While I can understand the reason that a kid friendly MMO wouldn’t want some idiot spewing hateful speech in a general chat channel it’s troubling nonetheless. When these kids grow up and graduate to a more adult MMO they are more likely to bring with them with a non-chat mindset.

Nostalgia

Chat in MMOs and virtual worlds is vitally important — at least it used to be. When I made the migration from single-player games to massively multi-player online games like EverQuest the fact that I could talk to actual players blew me away. Being able to communicate with fellow players and share experiences, stories and memories was a fundamental underpinning of the magic of virtual worlds. Getting to meet people from all over the world was for me a major selling point of MMOs as it changed the “game” experience and into a “world” experience.

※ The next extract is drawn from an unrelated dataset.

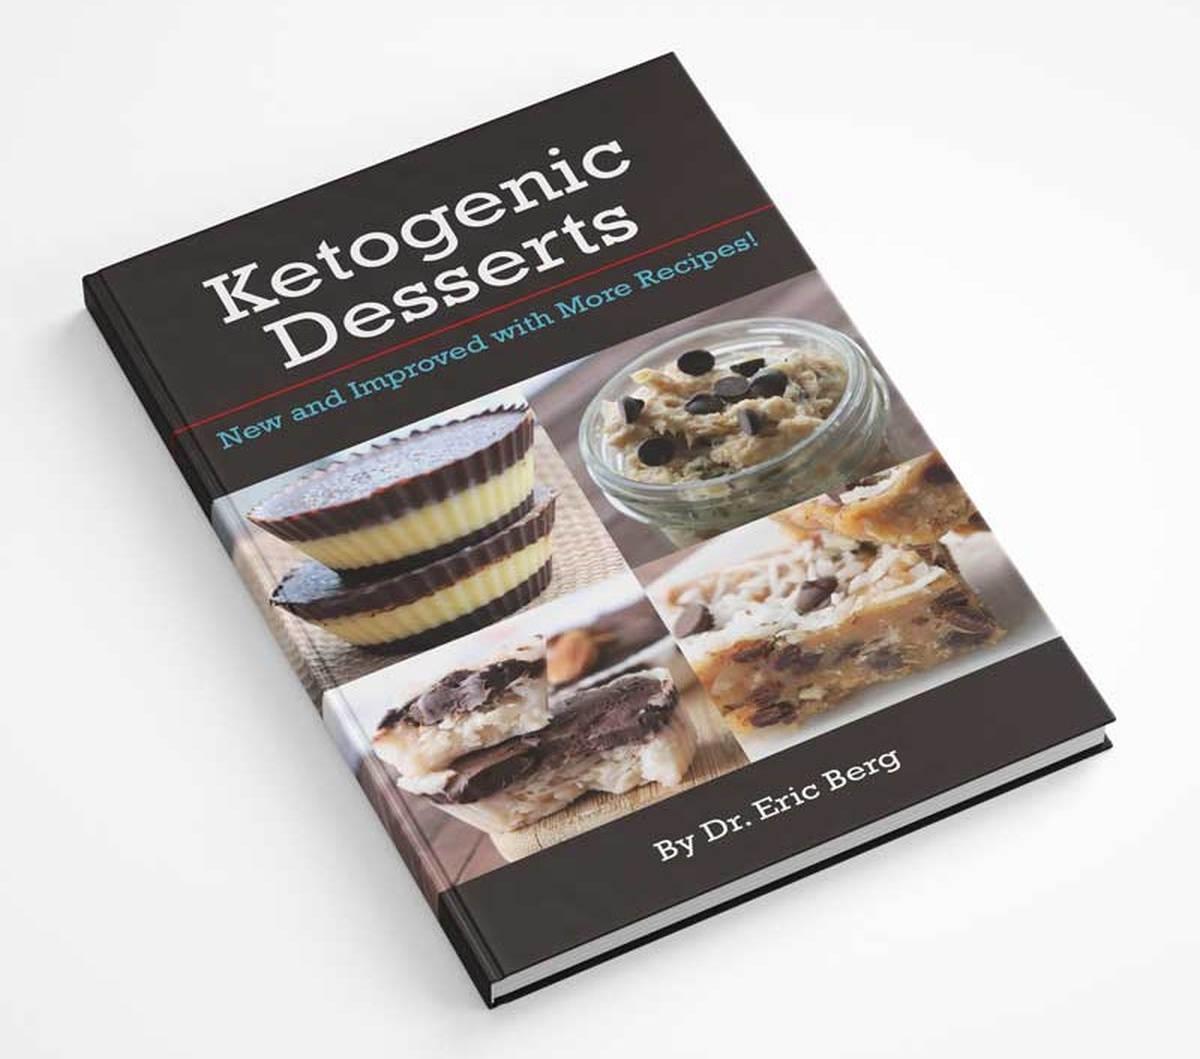 Ketogenic Desserts Recipe Book | Keto Snacks: A Guide to Snacking on the Ketogenic Diet

It could be that I’m just being nostalgic for the golden age of MMOs where talking to players actually had a measurable effect on your enjoyment of the game. Back then being a friendly sociable person meant that you could get a group, get a guild, make a name for yourself — a players reputation actually mattered back then. Sadly none of that matters now as today’s MMOs have become orgies of achievement leaving other valid play styles (explorers and socializers) far behind.

Conclusion

The future is not looking bright for player communication as an integral part of mainstream MMOs. Consider that in the next few years both Blizzard and Turbine will be releasing big budget MMOs for the growing console market. Consoles don’t have keyboards so you can expect chat in those MMOs to be minimal.

As this industry becomes more mainstream chat seems to be a feature that is falling by the wayside. MMO designers need to take a step back and stop the “coolness” arms race and focus on the basics again. One of those fundamentals should be to create MMOs and virtual worlds where people value communicating with each other once again. After all wasn’t that the point of being part of a massively multi-player online world in the first place — interacting with other players?